A LLA does NOT create lots, which is why it is an exception to the SMA. However, the approval of a LLA by the local jurisdiction has the same effect as a Certificate of Compliance for each lot affected by the LLA once the LLA is completed.

BUT... with both lots being under common ownership, and no deeds having been exchanged to complete the LLA, the LLA did not actually occur. Approval is only permission to execute the LLA, it is not the LLA itself.
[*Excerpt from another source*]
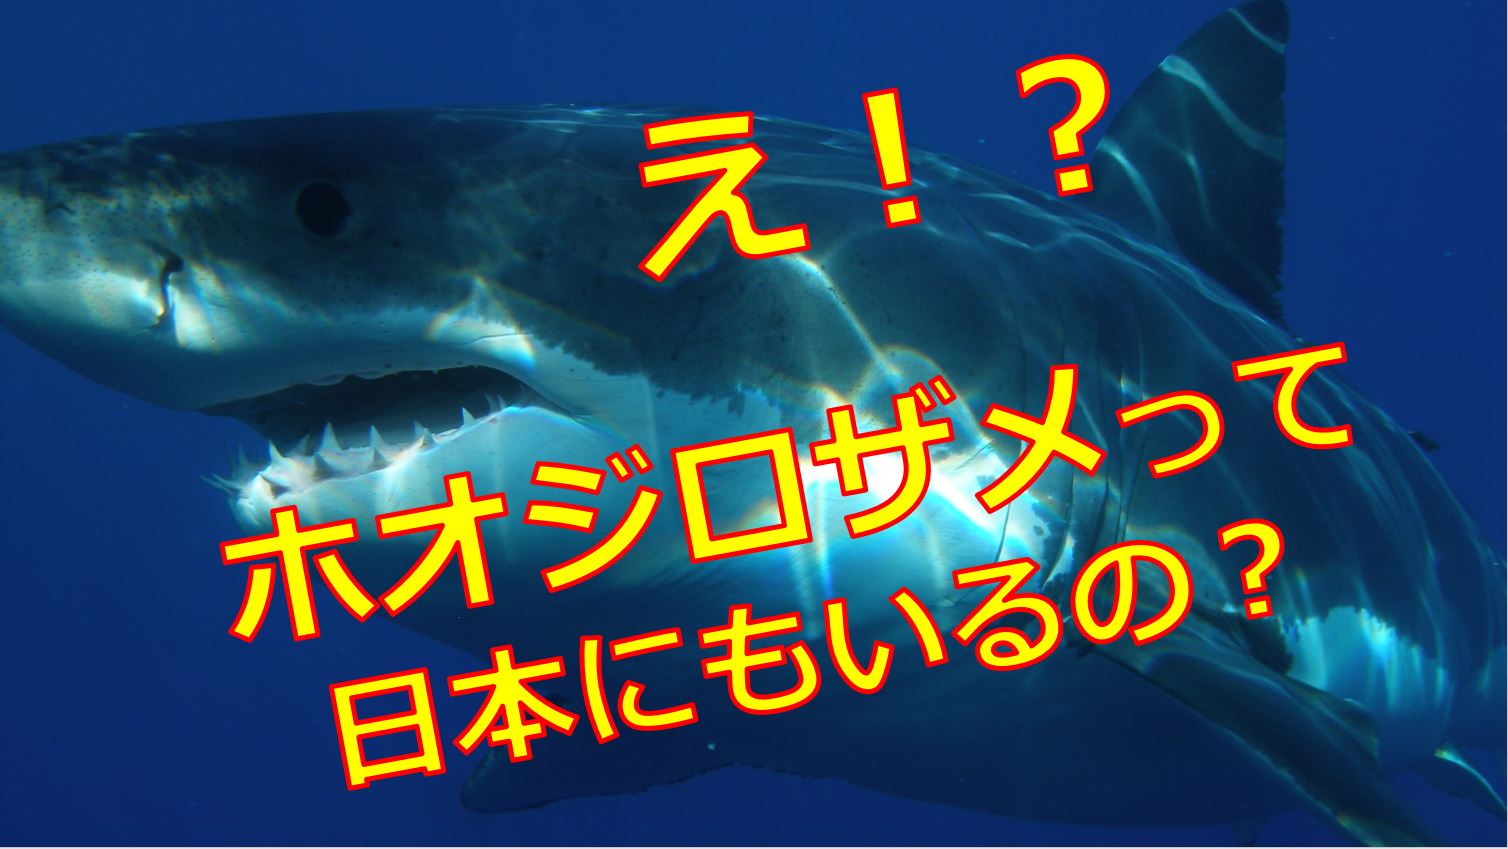 ホオジロザメが日本の海に生息している 被害や事故は過去にあったの 海鮮アクアリウム 海の生き物 魚介料理を楽しむためのブログ
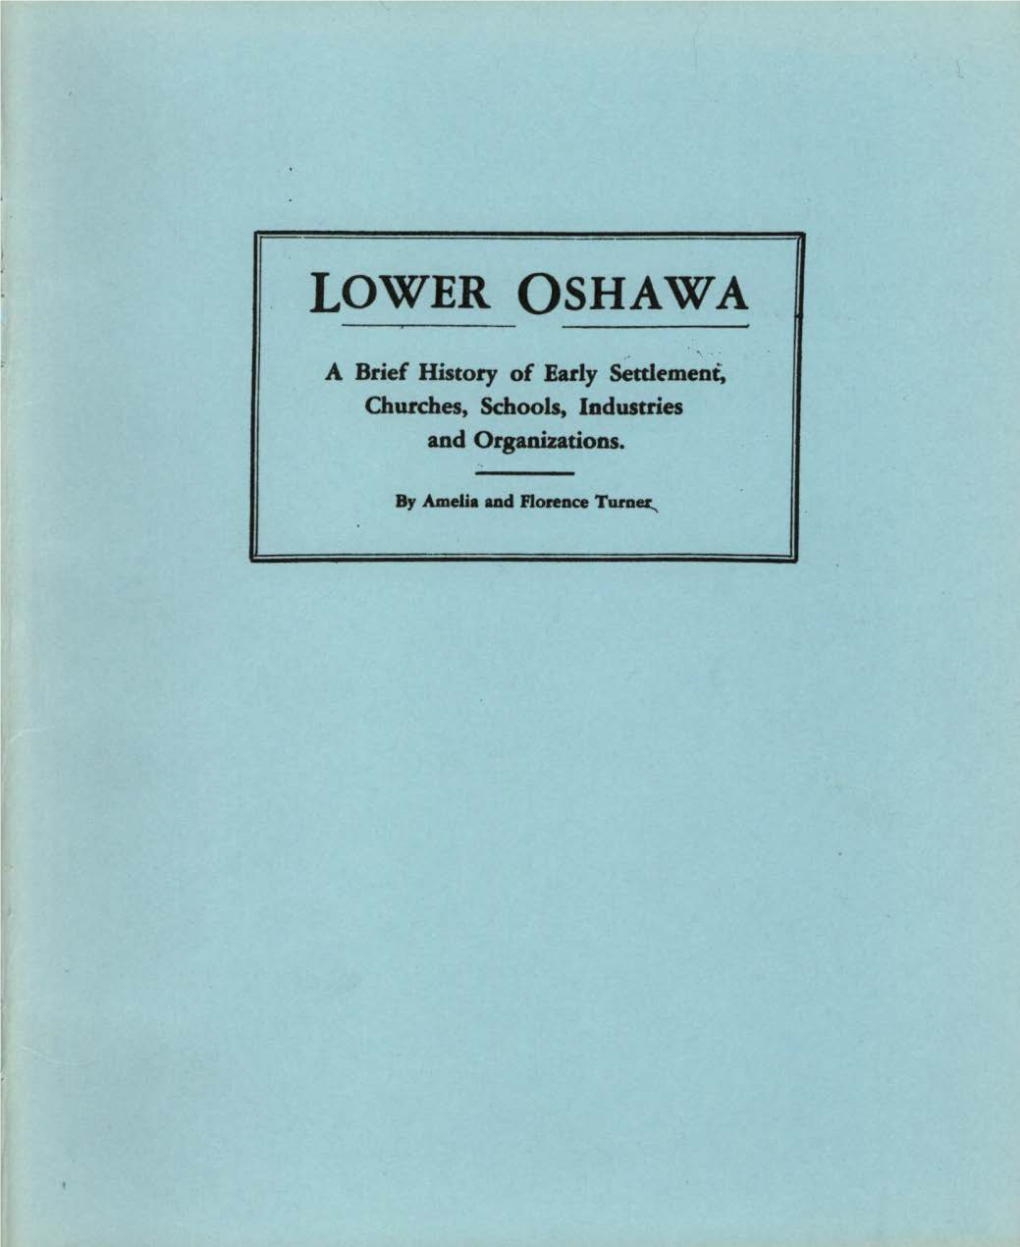 Lower Oshawa

Most jurisdictions that I know of have an expiration date on LLA approvals so that they aren't hanging around only to be finally executed after zoning may have changed, or after someone at the county realizes that maybe they shouldn't have approved it in the first place.

Because of the title issues of conveying land to oneself, El Dorado County has 1-party LLAs reflected on Parcel Maps (no conditions beyond those allowed for a LLA, fees are same as LLA + std map review fee, not PM fees). That process keeps it simple as an LLA is meant to be, but also has the effect of recreating the lots involved without having to file deeds.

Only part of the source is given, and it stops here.